For more information, read the press release.

W3C Sets New Accessibility-Related Recommendation

The World Wide Web Consortium (W3C) announced that the Accessibility Guidelines Working Group published Accessibility Conformance Testing (ACT) Rules Format 1.0 as a W3C Recommendation. “This standard helps developers of automated testing tools and manual testing methodologies to write, share, and implement test rules. The test rules contribute to consistent testing for accessibility standards compliance. … For more information and examples of organizations already using ACT, see the blog post: Calibrate Your Accessibility Evaluation With ACT.”

For more information, read the news item.

Open Access Button Introduces InstantILL in Beta

The Open Access Button announced that InstantILL is being released in beta. It has a new website with a step-by-step demo to share its features. The 300-plus libraries on the waiting list will be able to test InstantILL’s setup process and implement the tool. To participate in the beta testing, join the waiting list.
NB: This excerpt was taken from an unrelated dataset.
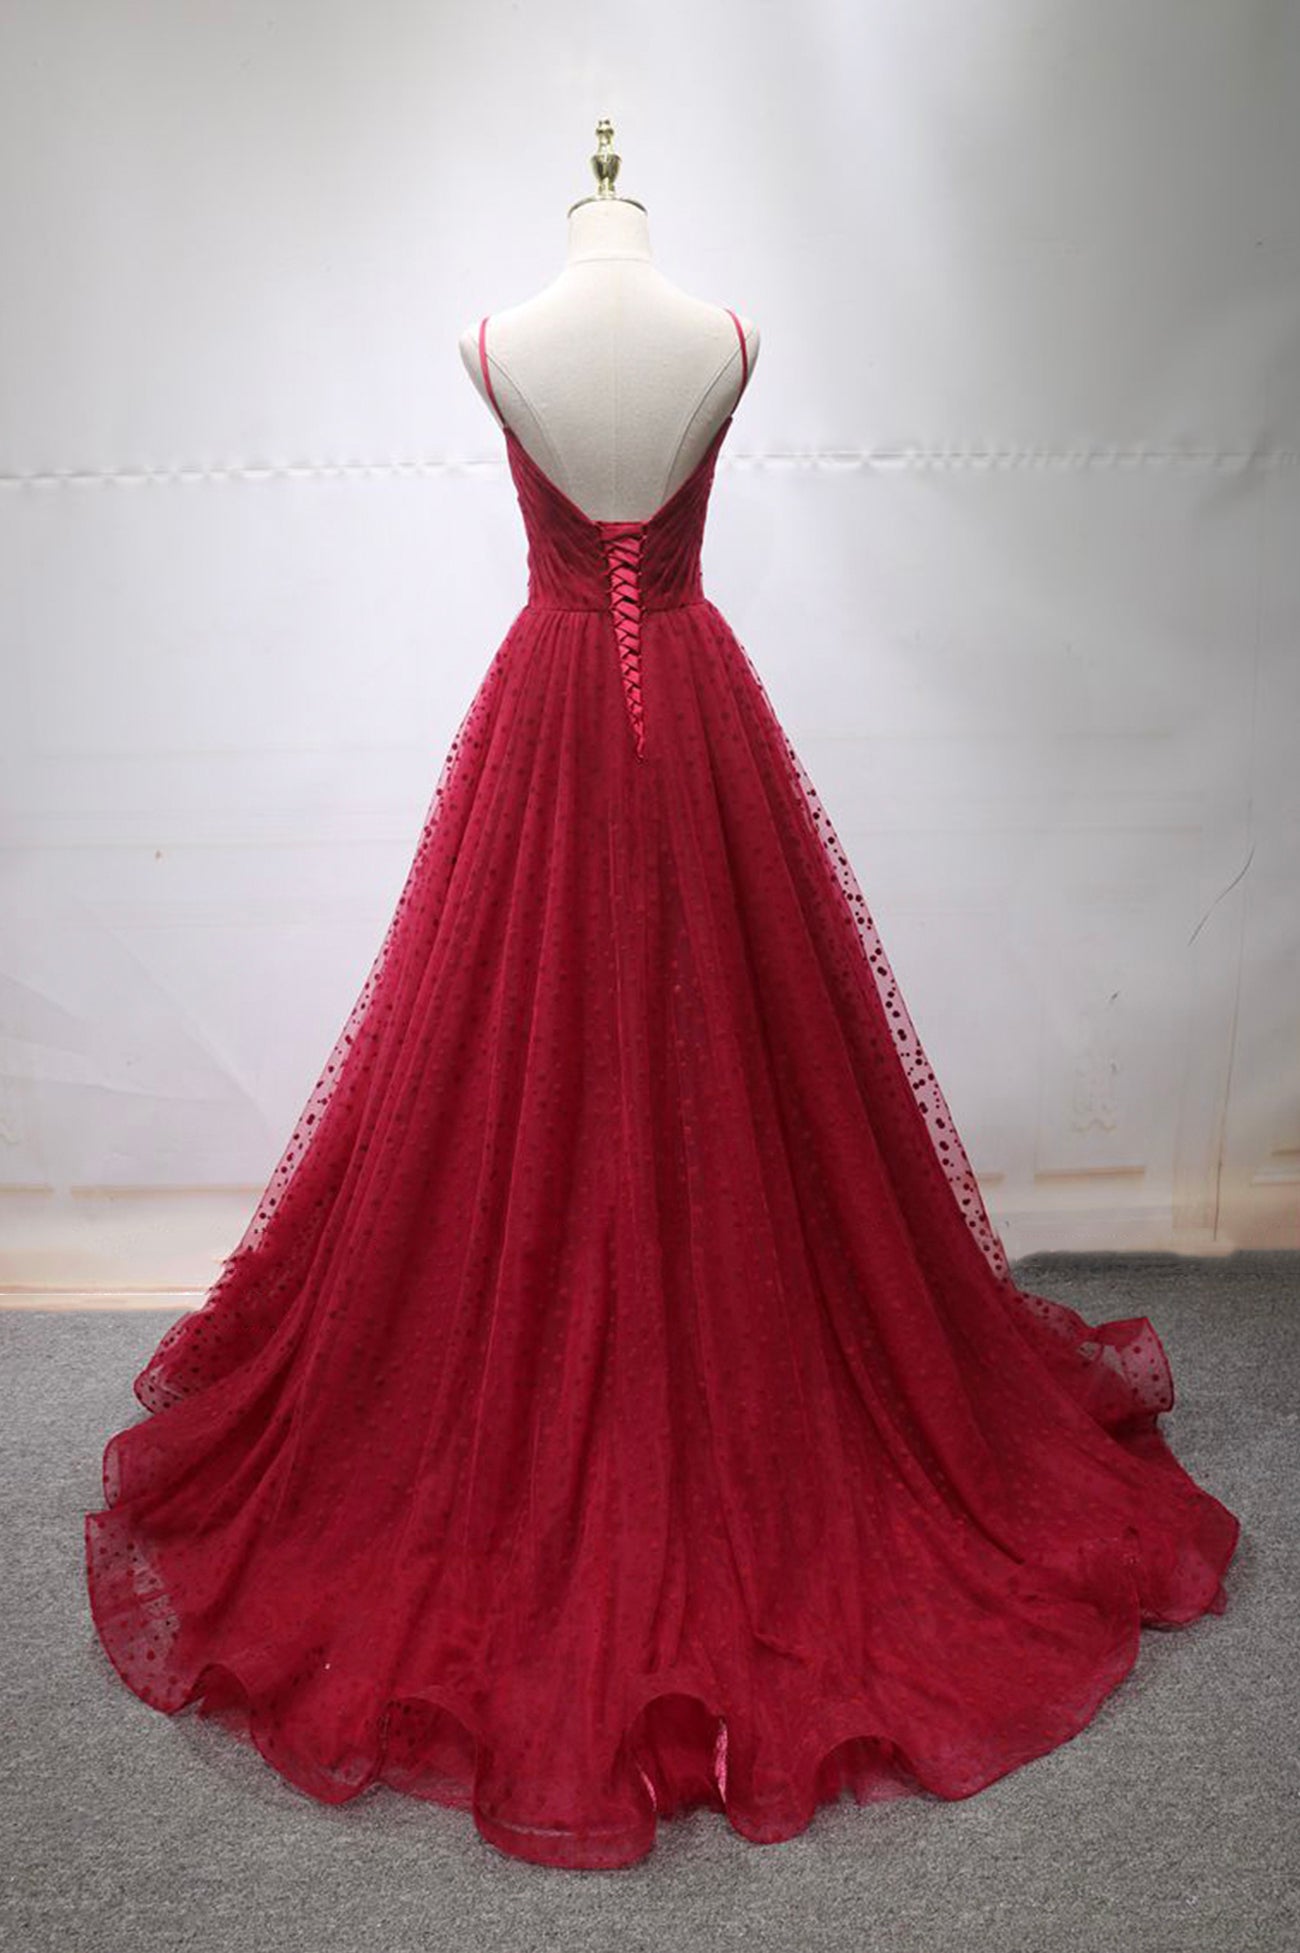 Prom Dresses With Shorts Underneath, Burgundy V-Neck Tulle Long Prom Dress, A-Line Backless Evening Party Dress

For more information, read the blog post.

U.S. Copyright Office Debuts Video Series on Copyright Basics

The U.S. Copyright Office introduced the Learning Engine video series on its website and YouTube channel. The series gives viewers primers on the U.S. Copyright Office and copyright concepts. “Through these short videos, viewers will learn about issues like what is copyright, copyright on the internet, what to do when others use your ideas, fair use, and the public domain.” New videos will be added to the series periodically.

For more information, read the news item.

Soar Makes Its Satellite Map Publicly Accessible

Soar announced that it has opened its satellites to the public, “which provide near-real time imagery all across Earth at 10m resolution per pixel.” Site visitors can see high-definition aerial views of various locations, as well as environmental disasters such as wildfires, tsunamis, and hurricanes. “Governments will also be able to monitor activities such as the protests in Hong Kong, illegal mining or deforestation.”

The satellite images come “from the European Space Agency’s Sentinel and NASA’s Landsat feeds and the SuperView and Gaofen satellites.” Soar plans for the map to also integrate imagery from drone pilots around the world.